According to Judi Carsrud, director of Federal Government Relations, at the National Association of Insurance and Financial Advisors (NAIFA), “everything is on the table,” meaning any tax expenditure is being reviewed to see if it is truly necessary or it can be cut in an effort to slash the deficit. “And annuities, with the tax deferral nature of the growth and the way income is paid from an annuity, puts them, not in the top 10, but on the list of things that could be changed by the time tax reform is completed,” Carsrud says.

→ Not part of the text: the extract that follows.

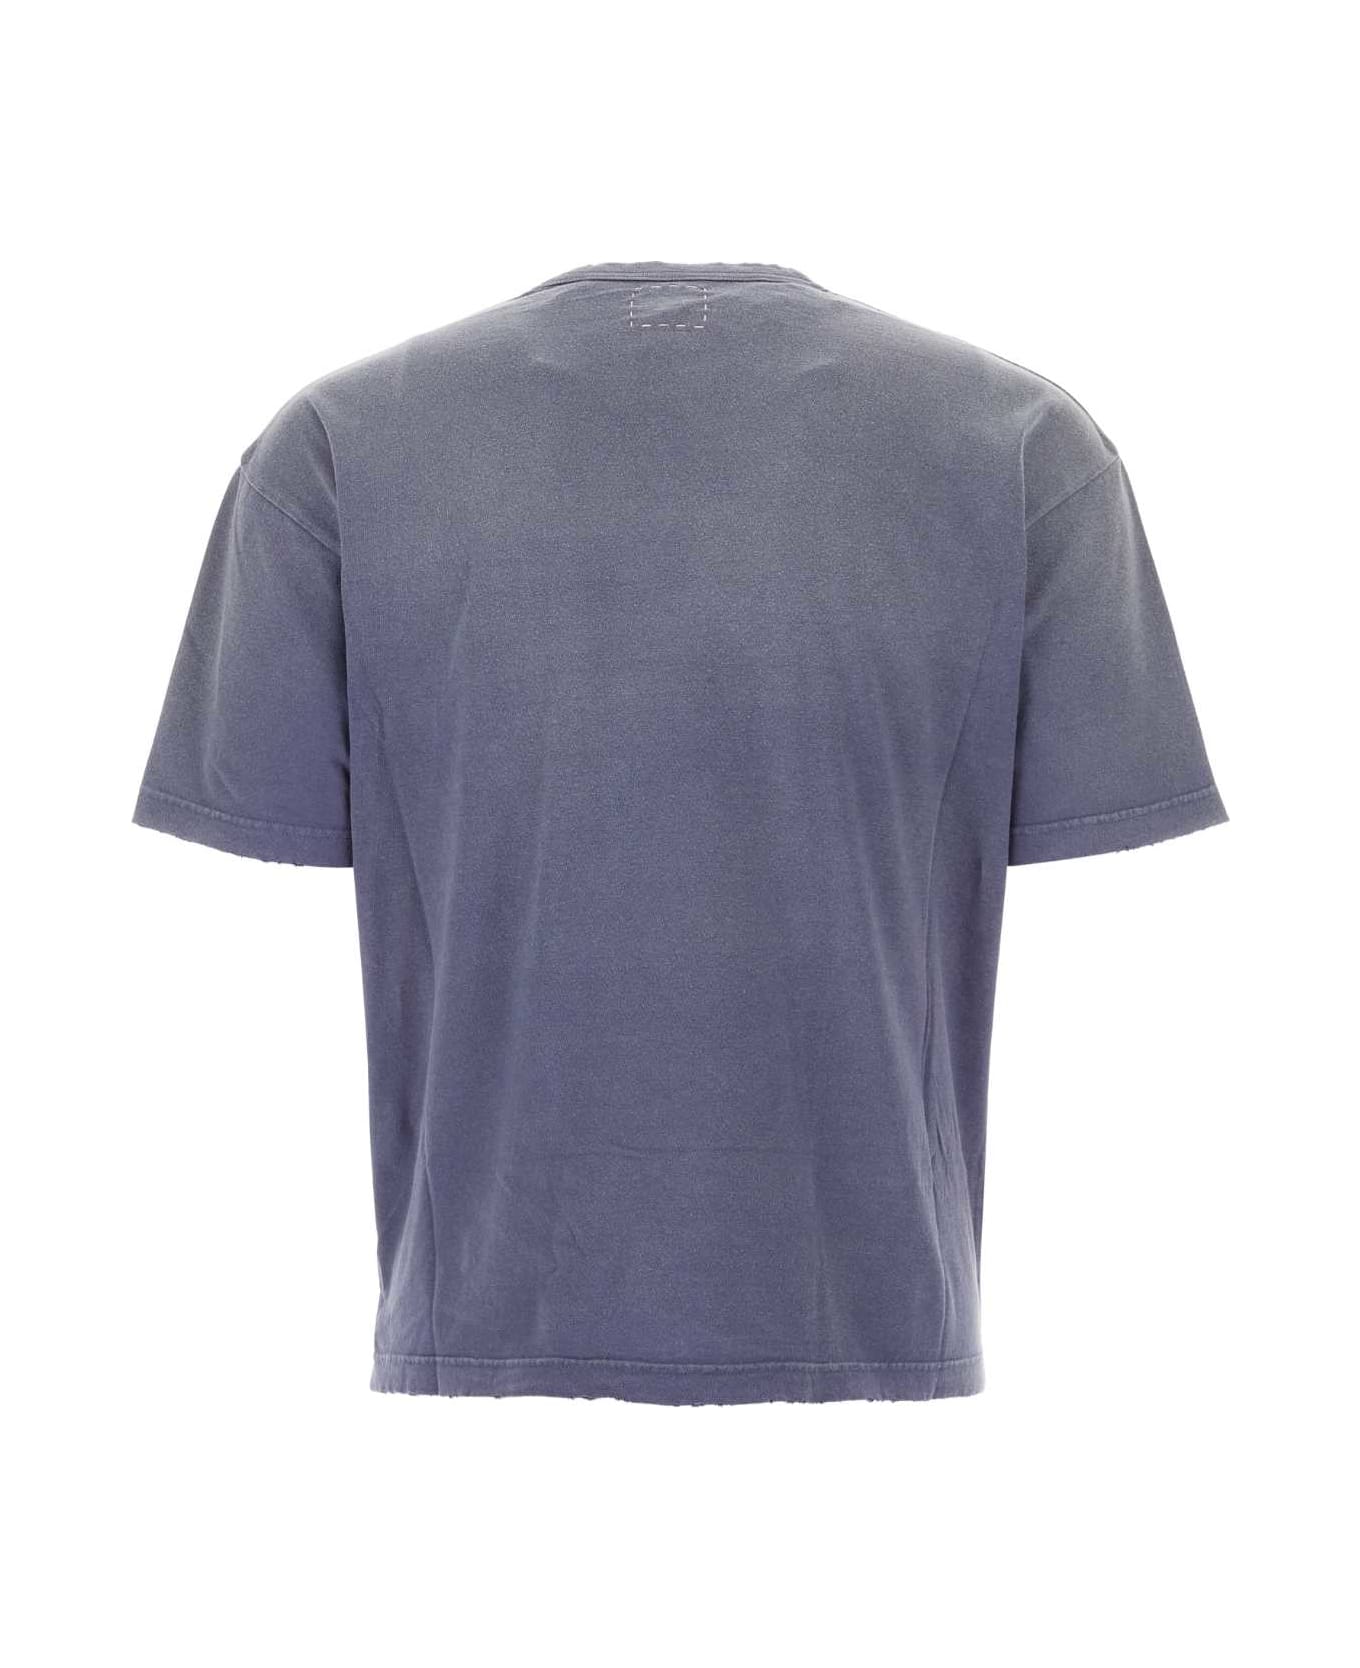 Visvim Purple Cotton Jumbo T-shirt - NAVY

At this point in time, with fiscal cliff negotiations ongoing and both sides still in the posturing stage, Carsrud says it is too soon to predict an outcome. “We do know it is being discussed and it was discussed in the past and it was decided to leave it the way it is currently taxed,” she says. “But because they are so desperate for money and because they are looking at other things that are even more cornerstone to our tax code and how we grow an economy, it certainly is a possibility. If we get through the lame duck [Congress] and they resolve some part of the fiscal cliff and they get onto tax reform, we might be able to make a better estimate in the spring.”

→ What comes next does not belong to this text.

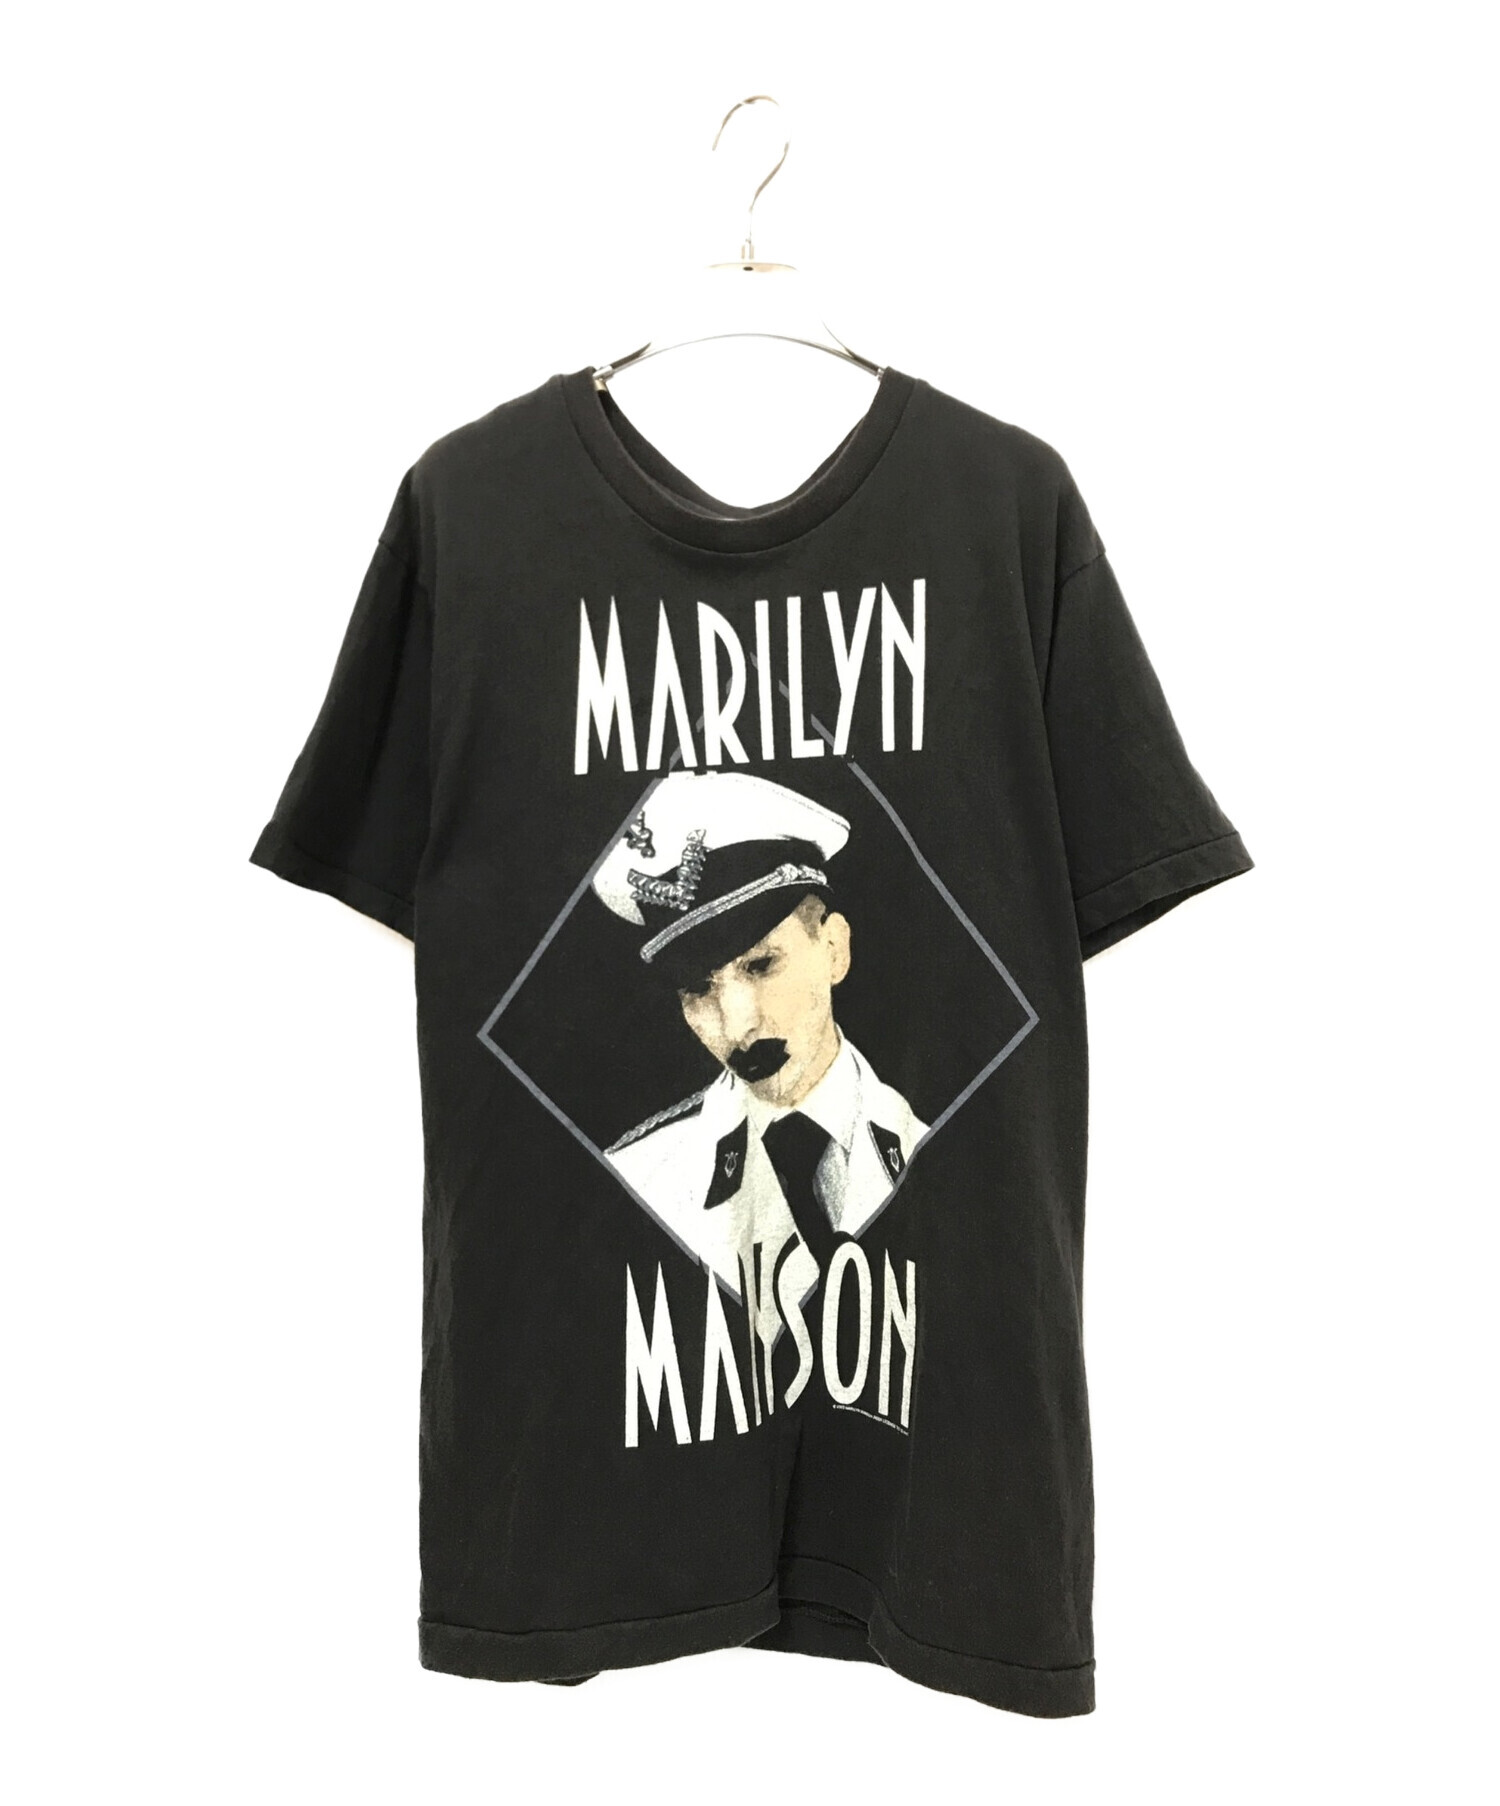 激レア90'S Marilyn Manson Tシャツ ヴィンテージ　サイズL

If changes are enacted, the effect would be “ridiculously dramatic,” and far reaching, Carsrud says. “It is the [tax] deferred nature of annuities and life insurance that makes them attractive and affordable over a long period of time, and if we lose that treatment I think that the amount of interest at the consumer level will dwindle and therefore, the number of agents making a living in the industry will dwindle and the way the insurance companies price their products will change to still make them profitable,” she explains.

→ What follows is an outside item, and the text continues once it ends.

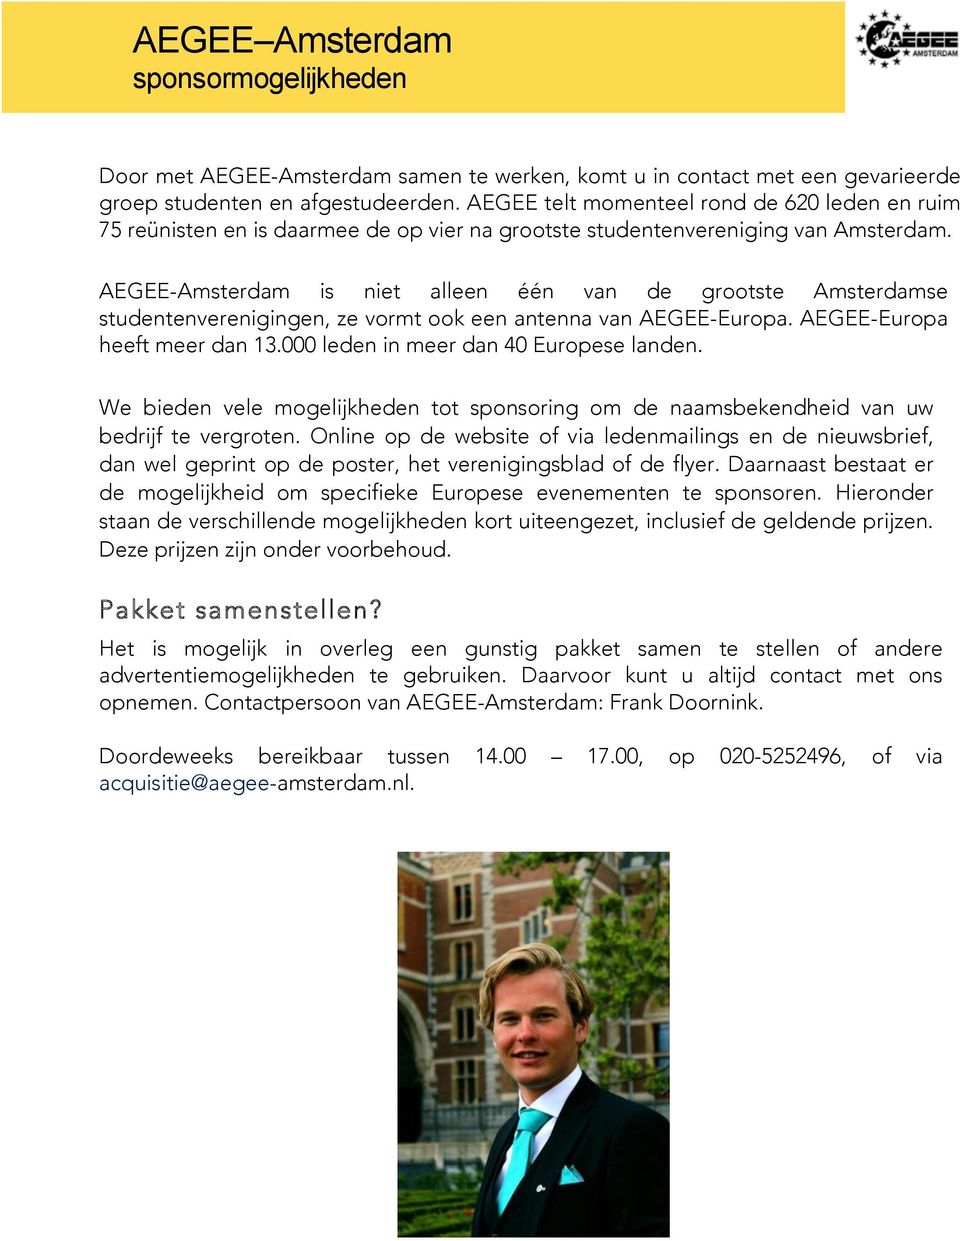 AEGEE-Amsterdam is niet alleen één van de grootste Amsterdamse studentenverenigingen, ze vormt ook een antenna van AEGEE-Europa. AEGEE-Europa heeft meer dan 13.

Therefore, any alteration would blunt economic and job growth, “which is what we are hoping Congress will recognize before they do any cutting,” Carsrud says.
As politicians delve deeper into modifying the tax code, a cap on deductions is another possibility being discussed. Again, such a shift would be a similarly harmful blow to annuities and life products, Carsrud says.
“If there is a deduction limit that includes exclusions and deferrals that could negatively impact life and annuity sales by virtue of a consumer choosing to keep his mortgage interest deduction first, for instance, and running out of deductions or hitting the cap,” she explains. “Then, life insurance and annuity products would then fall outside of that cap and become a taxable issue.”